Provided data:
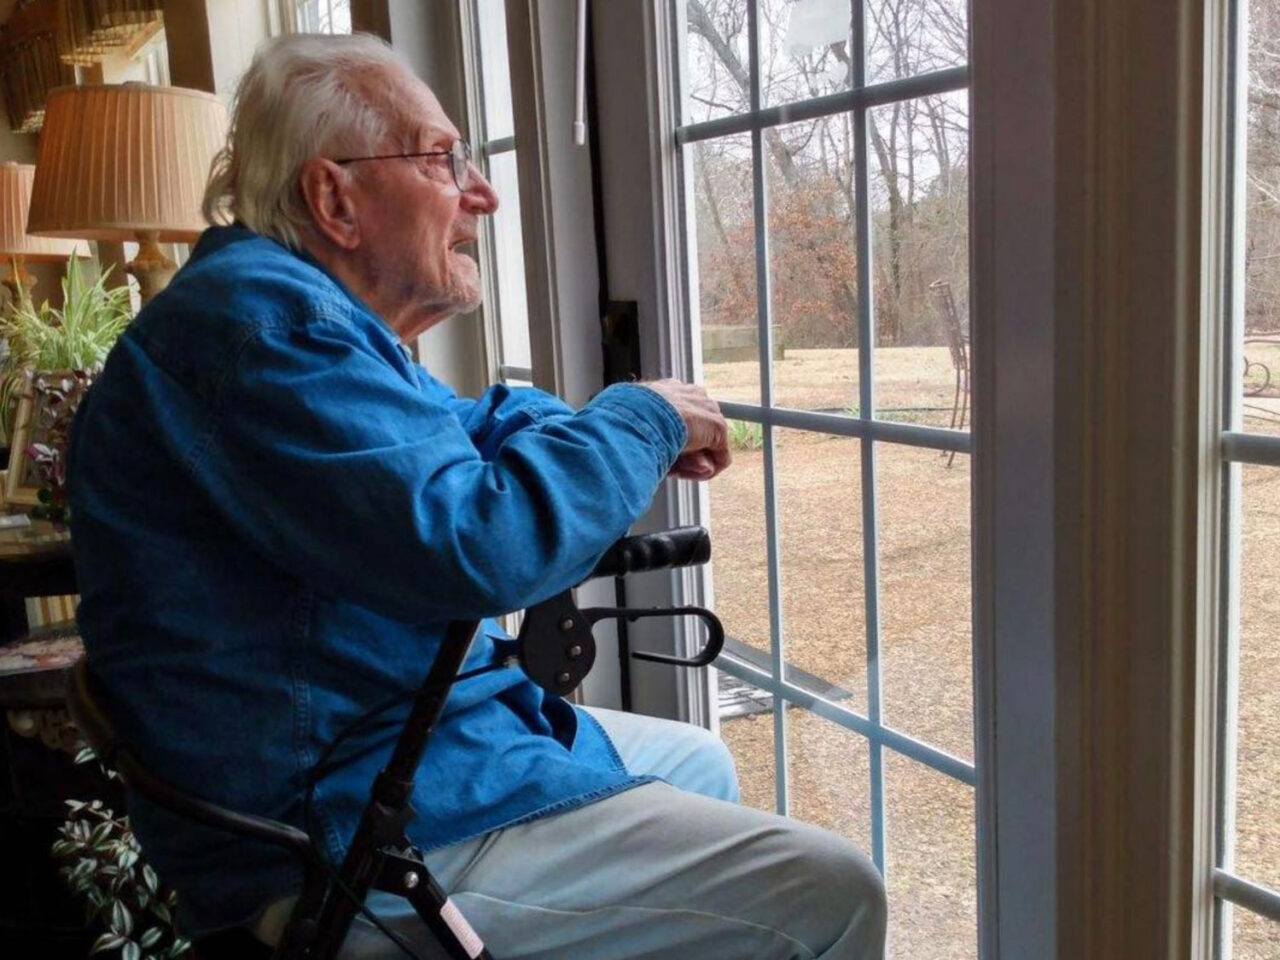 An elderly person rests on a walker and looks outside through windows.
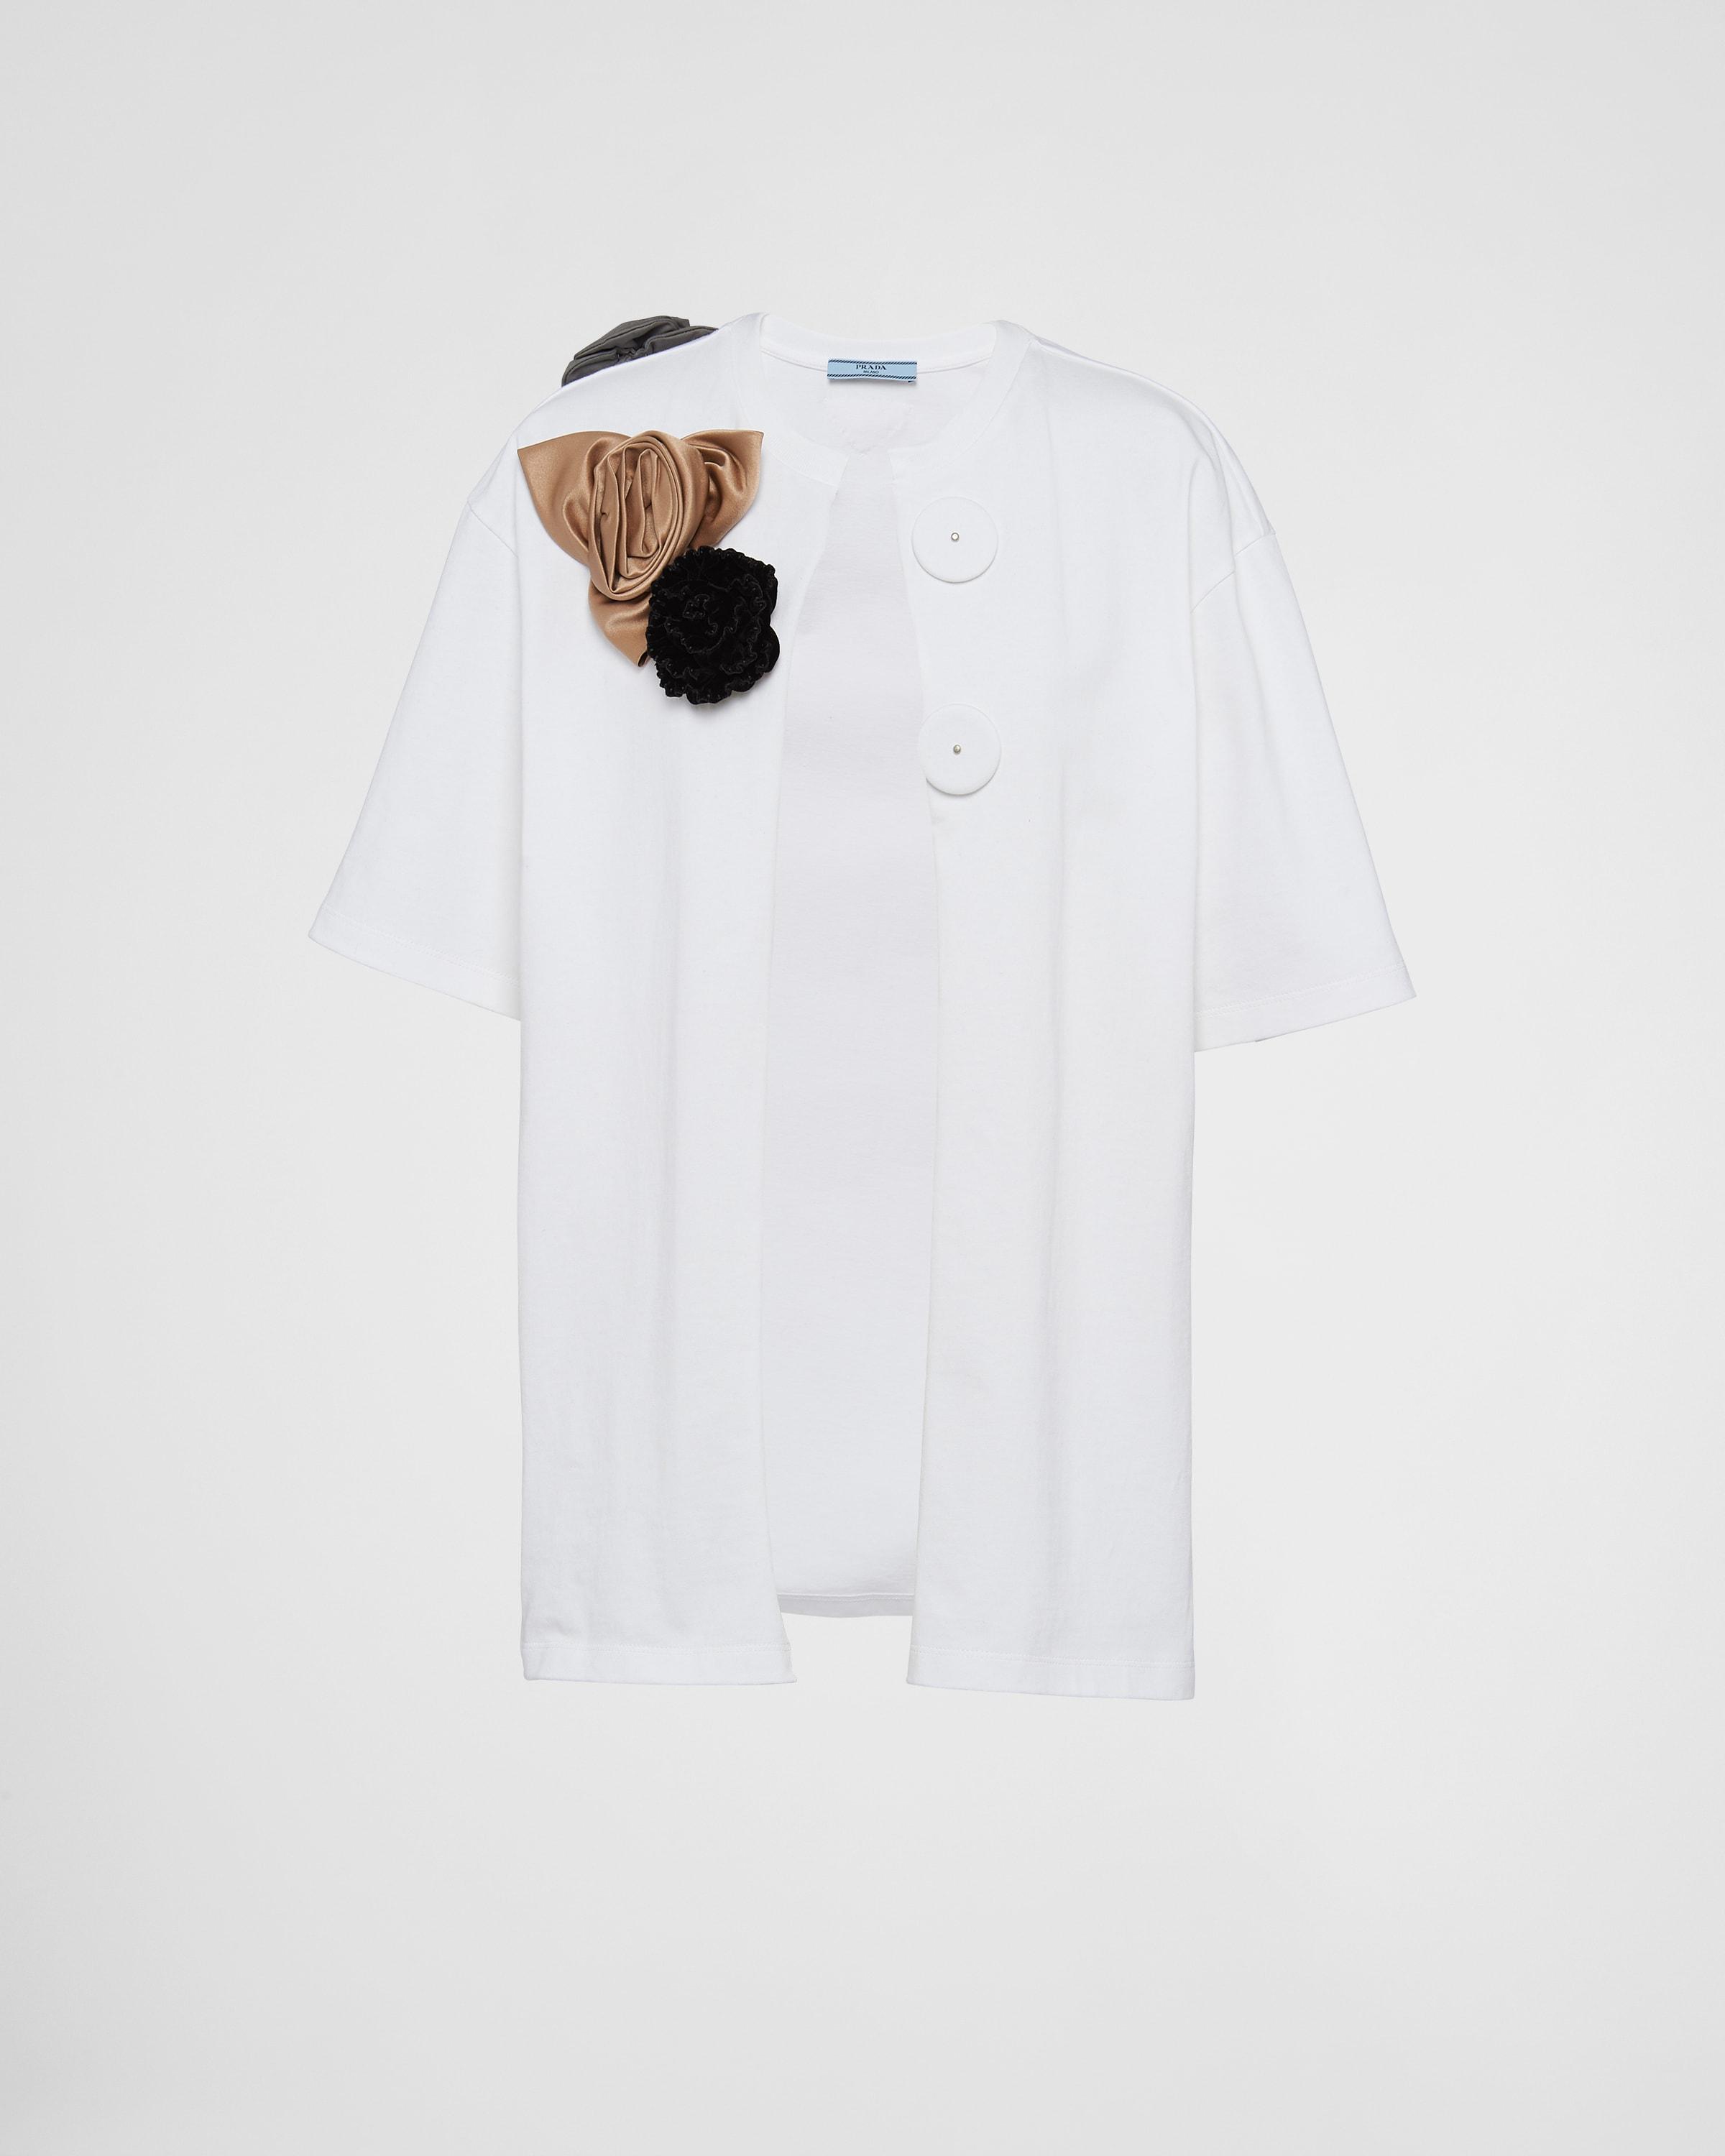 Prada Jersey Top With Appliqués in White | Lyst
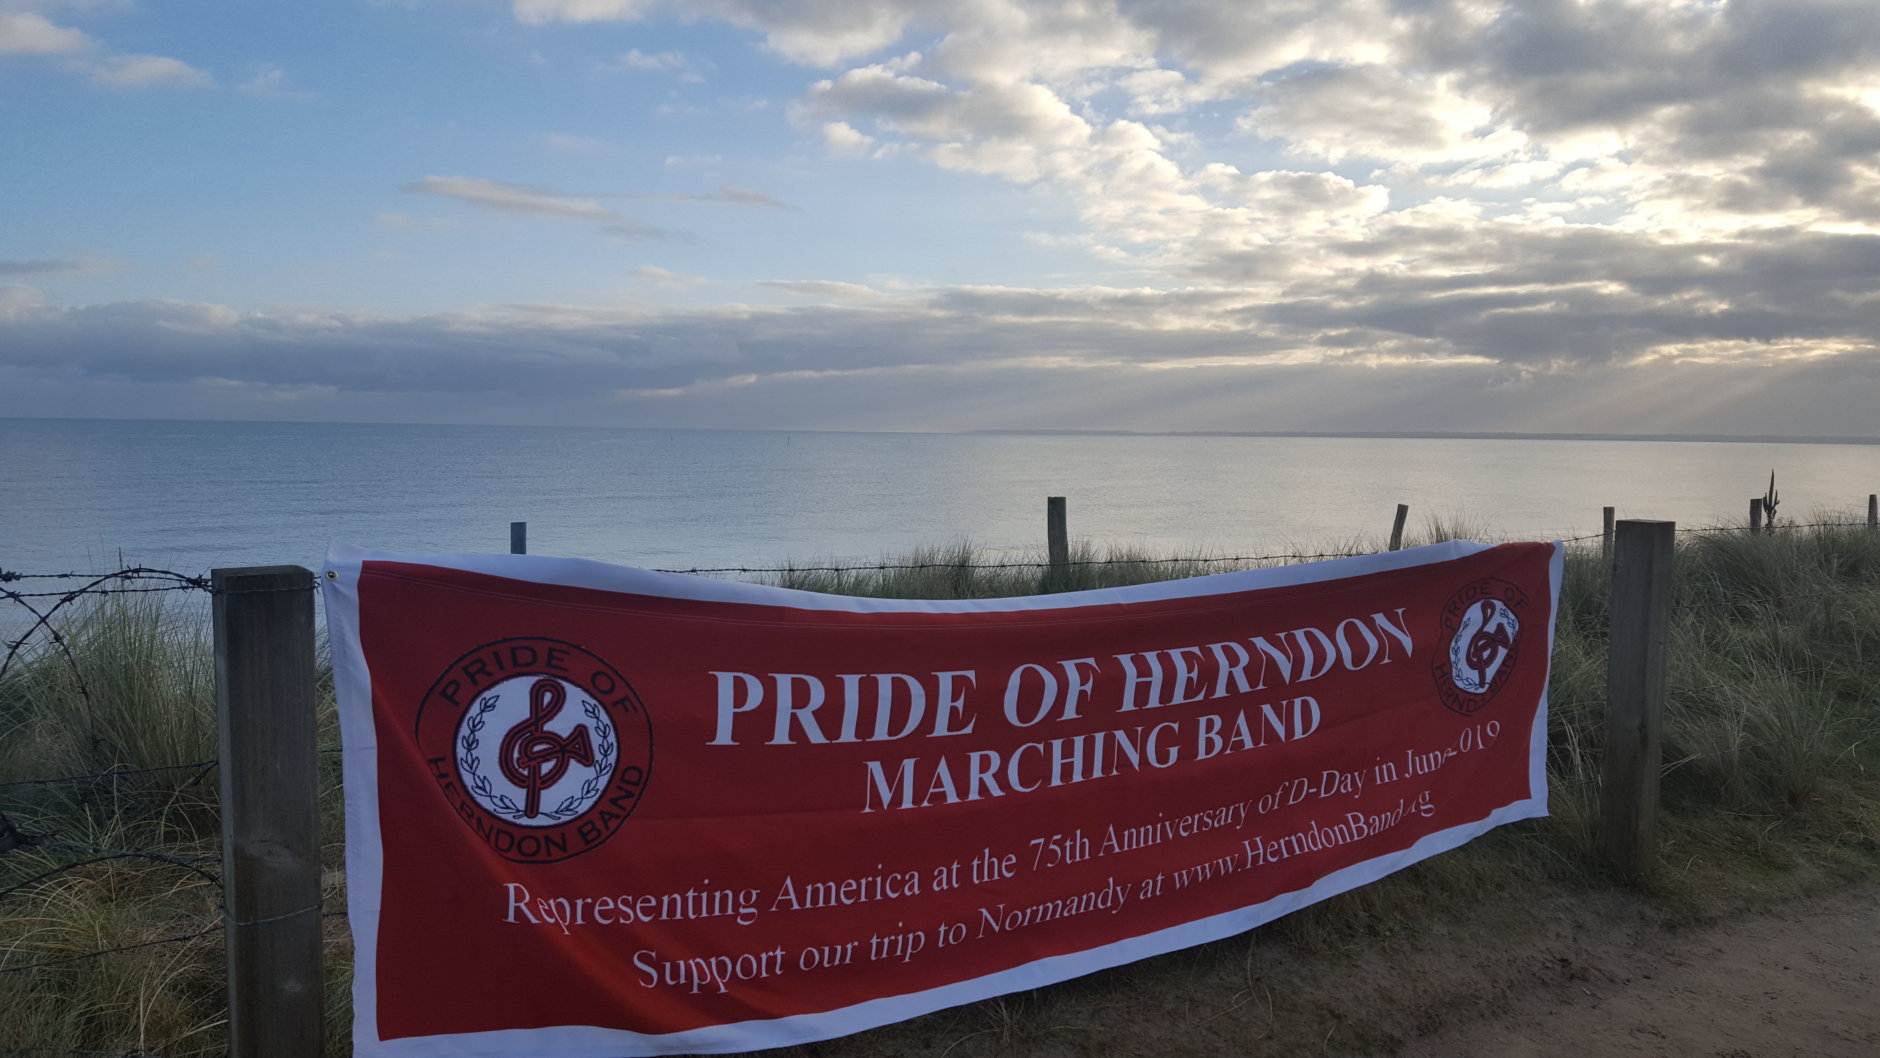 In anticipation of the June 2019 performance in France, band mom Margaret Jamborsky brought the band's banner to Utah Beach, the site of the U.S. Navy Memorial, dedicated to the more than 1,000 sailors who died there. 

"The USS Herndon would have been right in the center of the picture on D-Day," Jamborsky said. "It was quite moving to see such a beautiful, serene place, a far cry from what it would have looked like that day in 1944." (Courtesy Margaret Jamborsky)

Exercise directions: Write out the whole listing exactly. Do not include the pictures.

Solved problem:
 An elderly person rests on a walker and looks outside through windows.
 Prada Jersey Top With Appliqués in White | Lyst
 In anticipation of the June 2019 performance in France, band mom Margaret Jamborsky brought the band's banner to Utah Beach, the site of the U.S. Navy Memorial, dedicated to the more than 1,000 sailors who died there. 

"The USS Herndon would have been right in the center of the picture on D-Day," Jamborsky said. "It was quite moving to see such a beautiful, serene place, a far cry from what it would have looked like that day in 1944." (Courtesy Margaret Jamborsky)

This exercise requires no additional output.